Bioéconomie

BASF veut réduire de 30 % les émissions de CO2 de l’agriculture en 2030

BASF précise sa stratégie en faveur d’une agriculture durable non seulement sur le plan économique, mais aussi sur le plan de l’environnement et du climat.

Outre sur l’agroécologie, BASF mise sur ses technologies digitales pour rendre l’agriculture plus durable. Le groupe souhaite les voir appliquées à plus de 400 millions d’hectares agricoles dans le monde d’ici 2030. ©BASF

Vincent Gros, président de BASF Agricultural Solutions et Livio Tedeschi, vice-président senior de BASF Agricultural Solutions Europe, Afrique, Moyen-Orient et CEI, ont expliqué le 19 novembre lors d’une conférence de presse européenne en ligne, la politique du groupe qui a annoncé un engagement renforcé en faveur de l’agroécologie au début de 2019. BASF mise sur quatre approches : innovation, digitalisation, sécurité sanitaire et environnementale, coopérations avec les utilisateurs.

Pour l’innovation, BASF veut maintenir le rythme au niveau des semences, des végétaux comme au niveau des traitements et des produits de traitement. L’enjeu sera surtout celui de la transparence alors que dans les sociétés se développe une méfiance grandissante vis-à-vis de la science et de l’innovation.

Pacte Vert

Le but est d’intégrer la stratégie européenne du Pacte vert, qui vise la neutralité carbone d’ici 2050. BASF veut atteindre une réduction de 30 % des émissions de carbone par tonne agricole produite d’ici 2030. Les calculs sont basés sur des études internationales et des méthodes établies par exemple par le Groupe international d’expert sur le climat (Giec). L’entreprise entend se concentrer sur les principaux leviers susceptibles de rendre l’agriculture plus durable et de répondre aux besoins les plus pressants de la société.

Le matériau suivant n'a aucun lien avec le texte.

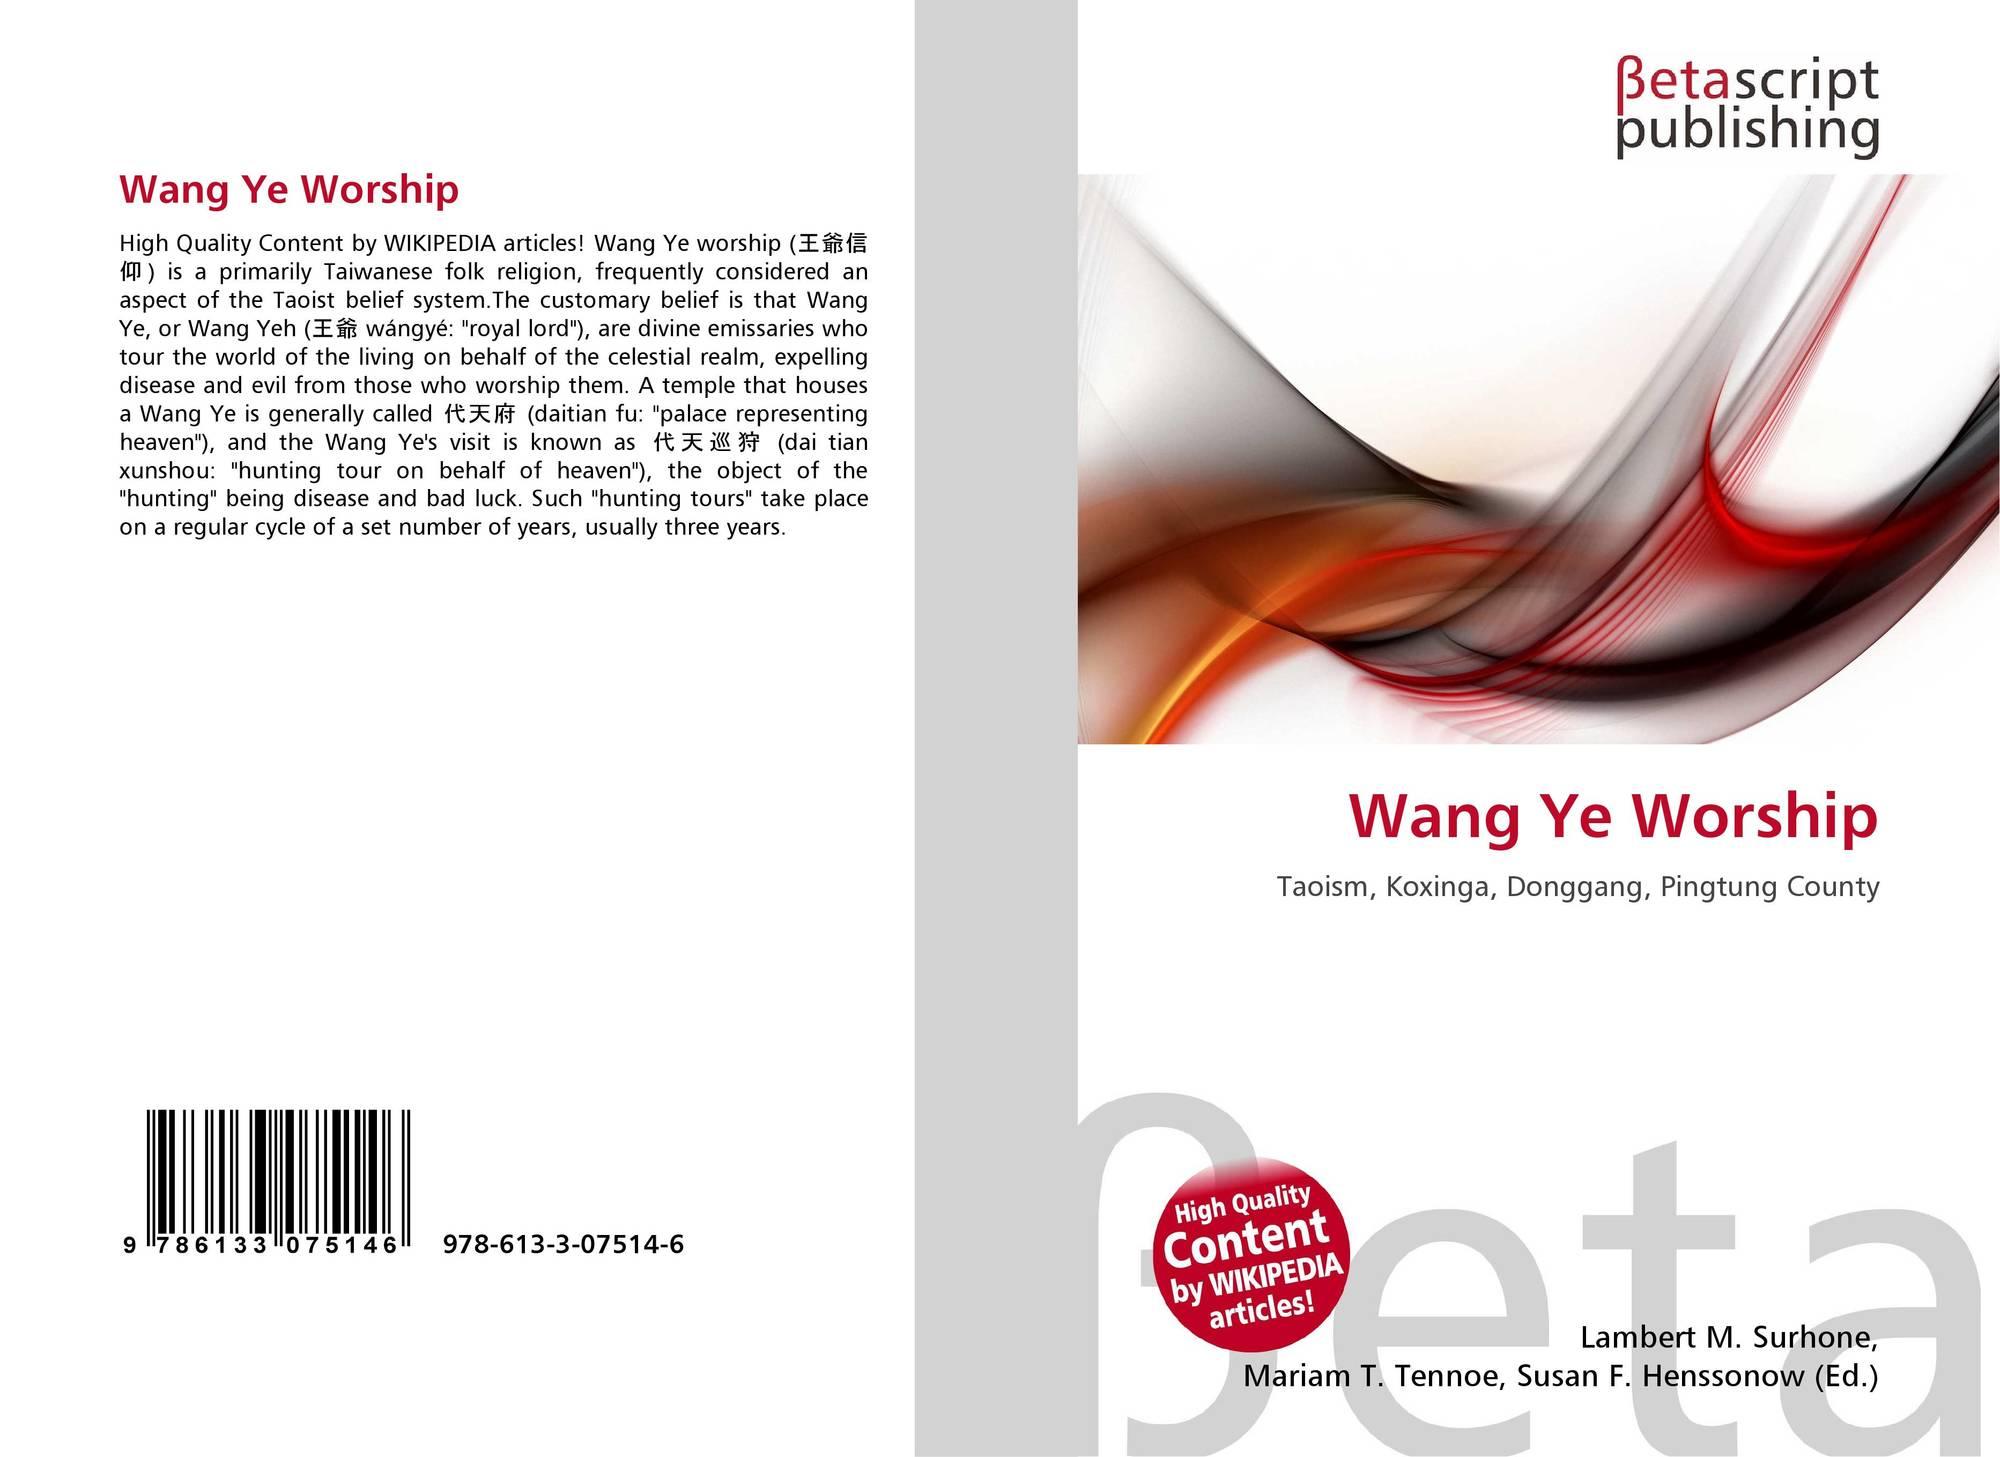 Wang Ye worship

La division Agricultural Solutions de BASF veut augmenter de 7 % par an la part des ventes de solutions apportant une contribution substantielle à la durabilité des filières agricoles. BASF mise pour cela sur ses technologies digitales, qu’il souhaite voir appliquées à plus de 400 millions d’hectares agricoles dans le monde d’ici 2030. Ces technologies permettent une application plus précise des produits de protection des cultures, la gestion de la fertilisation, la création de zones tampons automatisées ou encore la surveillance de la biodiversité. Sur ce chapitre, BASF a coopéré avec le groupe Bosch pour mette au point un système de diffusion de fongicides ultra précis qui permet d’apporter la dose de produit nécessaire à chaque plante. Bosch a mis au point les systèmes de caméra, et BASF leur pilotage. Au niveau des végétaux, BASF a mis au point un blé hybride qui permet de meilleures performances.

Le groupe allemand s’intéresse également au marché agricole de l’Union européenne, qu’il souhaite voir intégrer de nouvelles technologies, avec l’approbation de l’opinion et des consommateurs, mais ses ambitions sont clairement mondiales. Le groupe a le souci de s’adapter aux marchés africains pour lesquels il affiche les mêmes standards que pour les autres les autres continents, tout en devant s’ajuster à un secteur agricole plus diffus, dans des contextes politiques souvent difficiles.